* [What the exercise asks]
All lines at and after the one containing "INCOLOR Make Up", up to the end of the listing below, are to be printed exactly, with the pictures omitted.

* [Information provided]

::::::::::

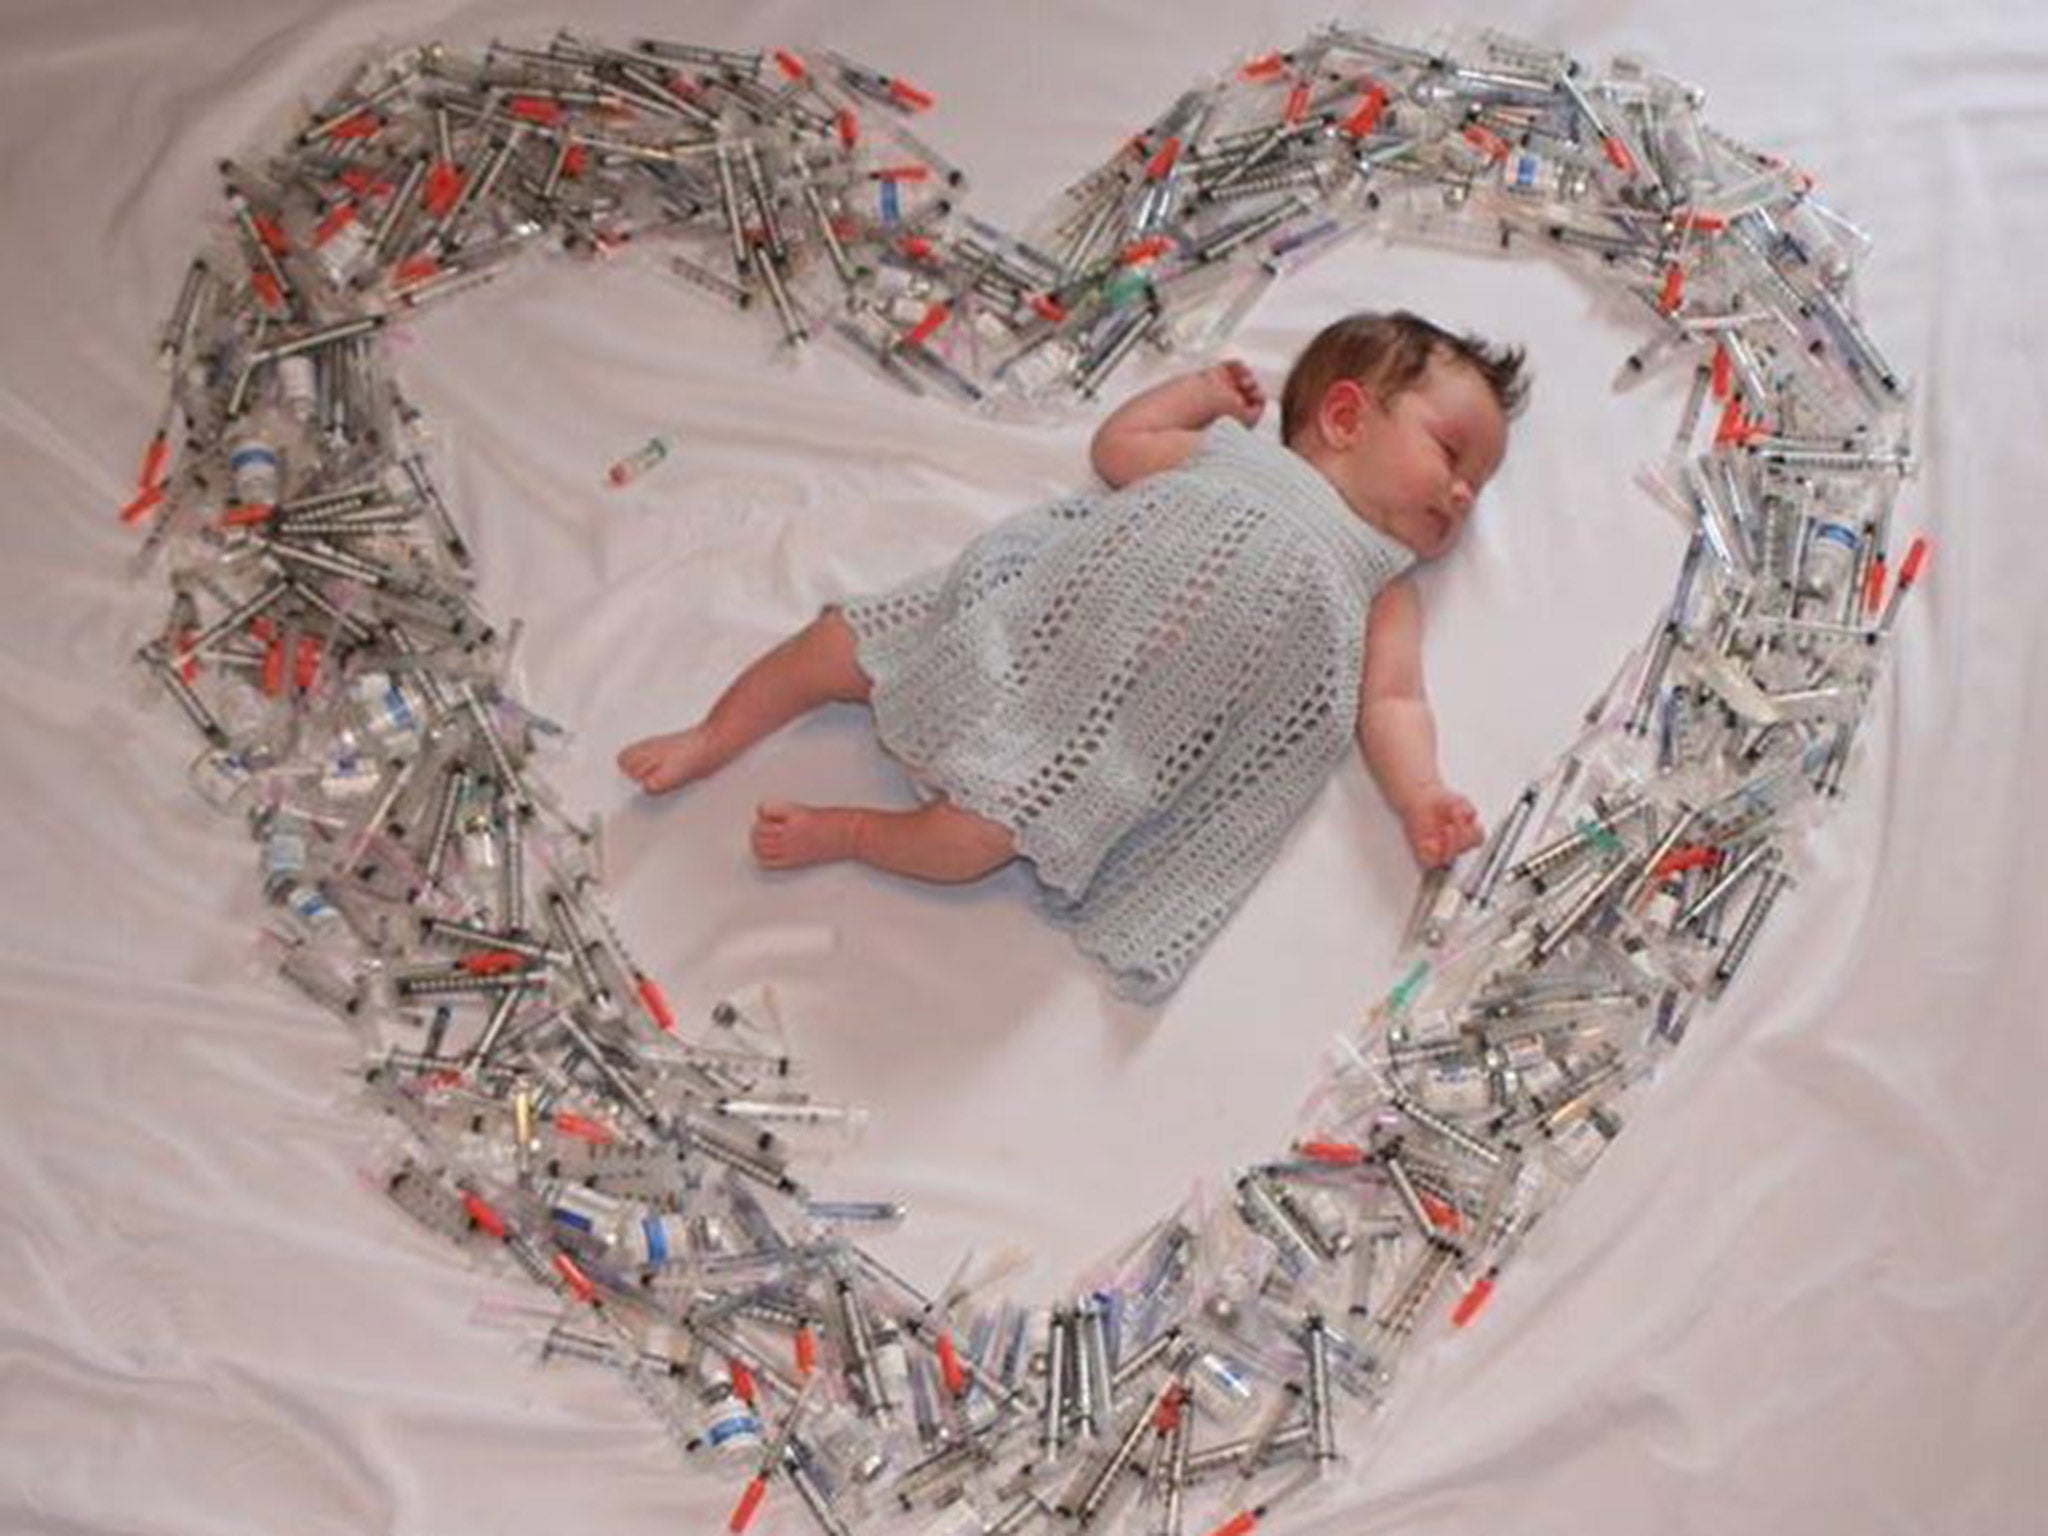 mum-s-picture-of-ivf-baby-surrounded-by-syringes-goes-viral-the
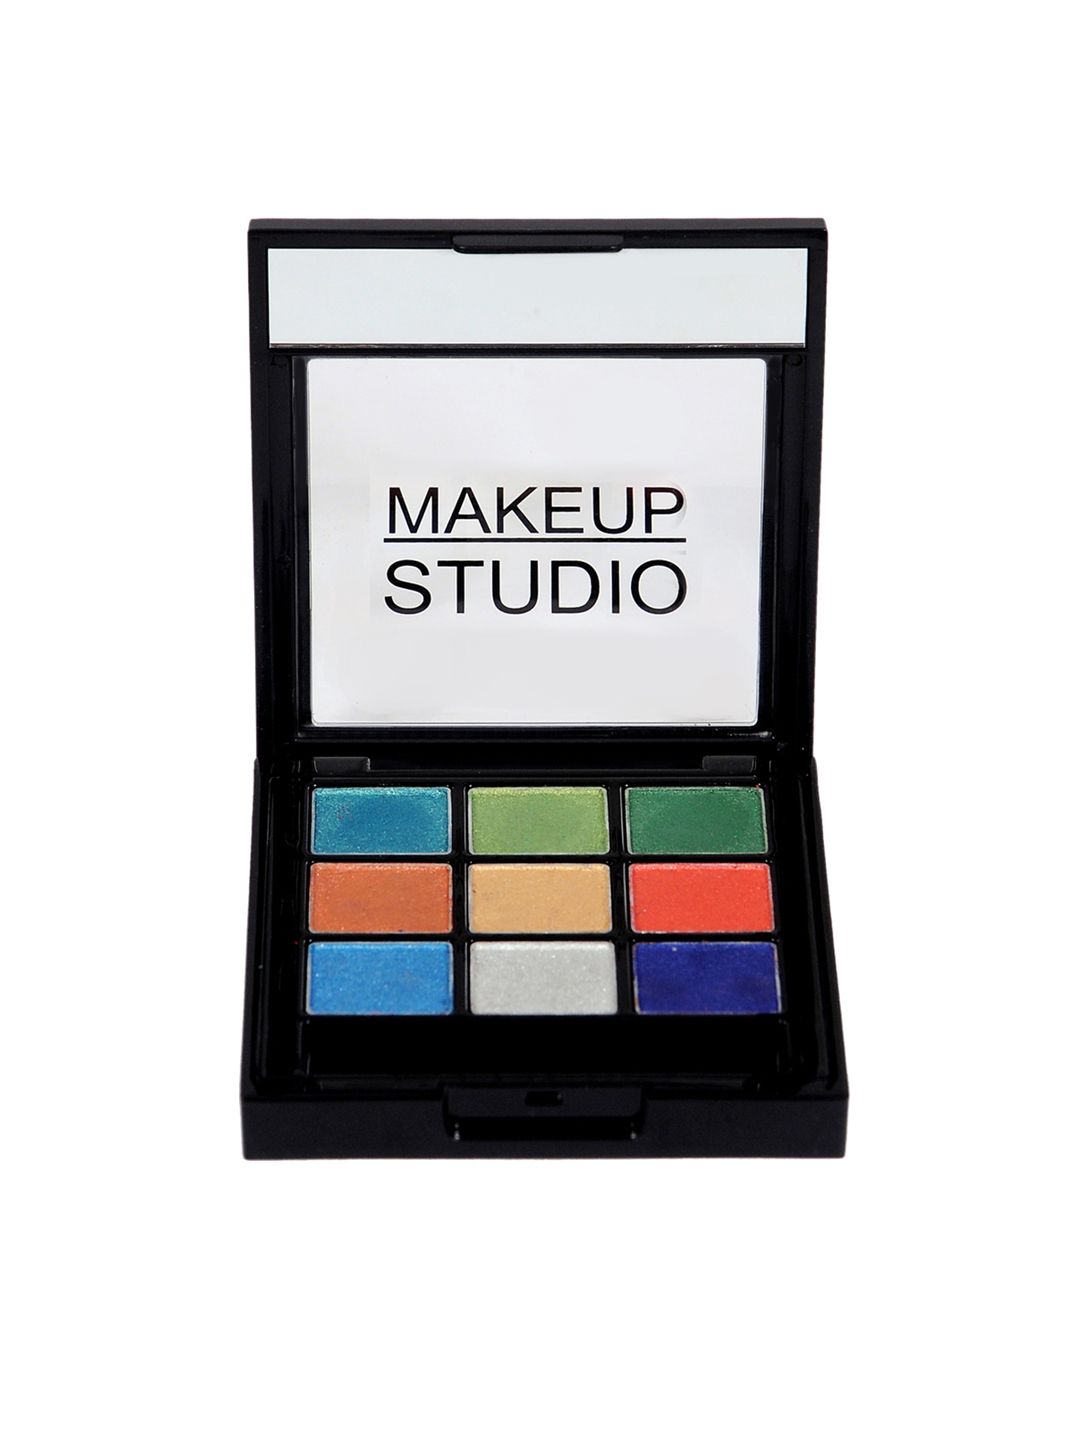 INCOLOR Make Up Studio 9 In 1 Eyeshadow Palette 02 - 18 g Price in India
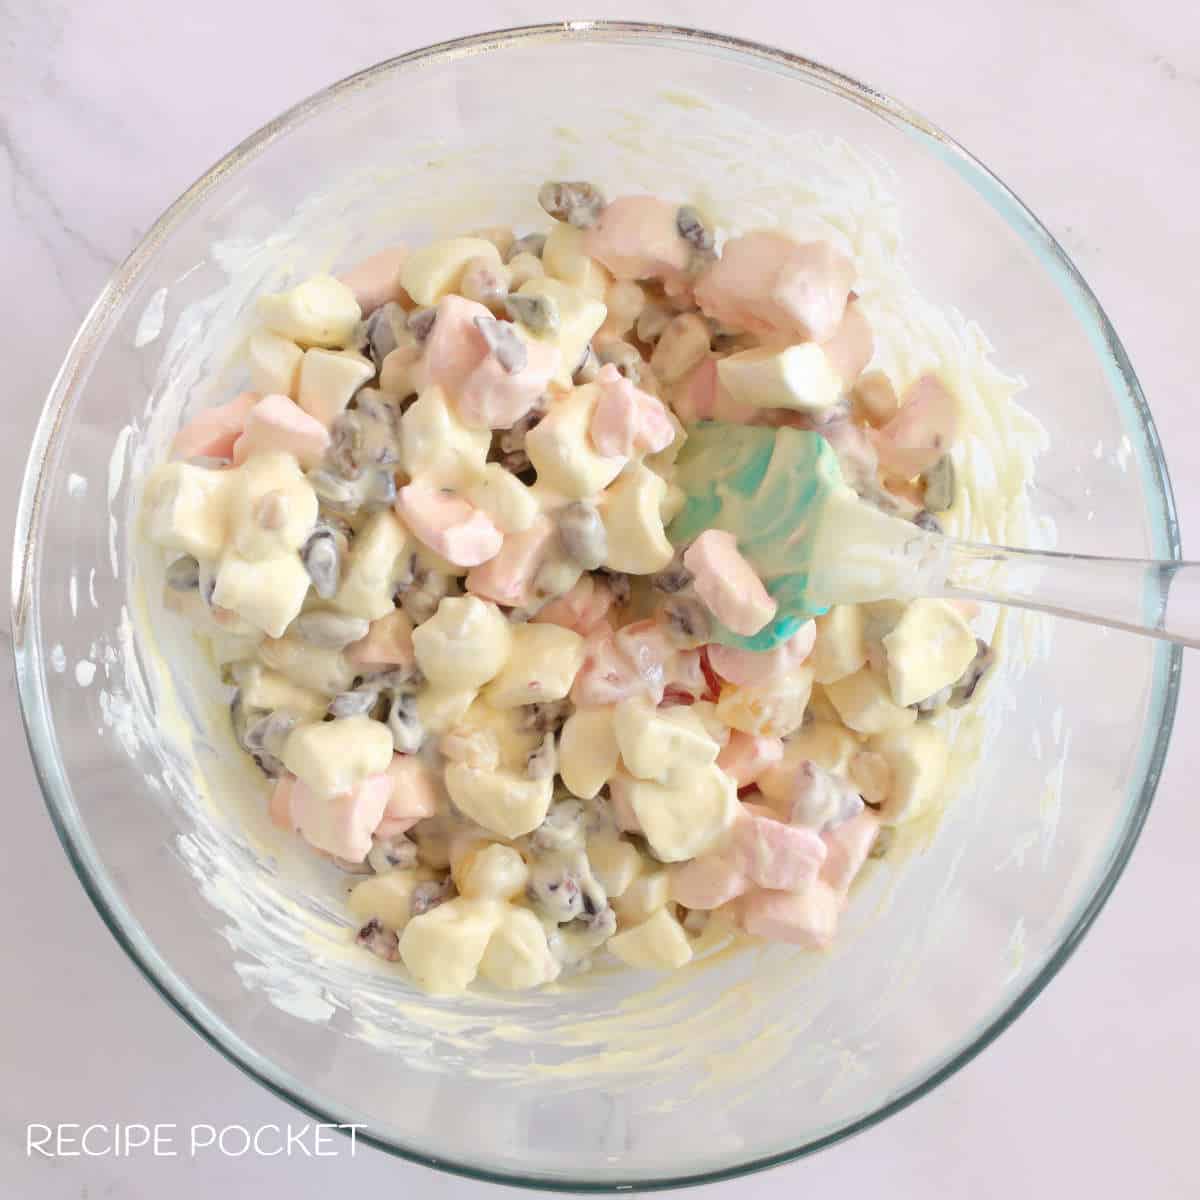 White chocolate rocky road mixture in a bowl.

::::::::::

* [Task solution]
 INCOLOR Make Up Studio 9 In 1 Eyeshadow Palette 02 - 18 g Price in India
 White chocolate rocky road mixture in a bowl.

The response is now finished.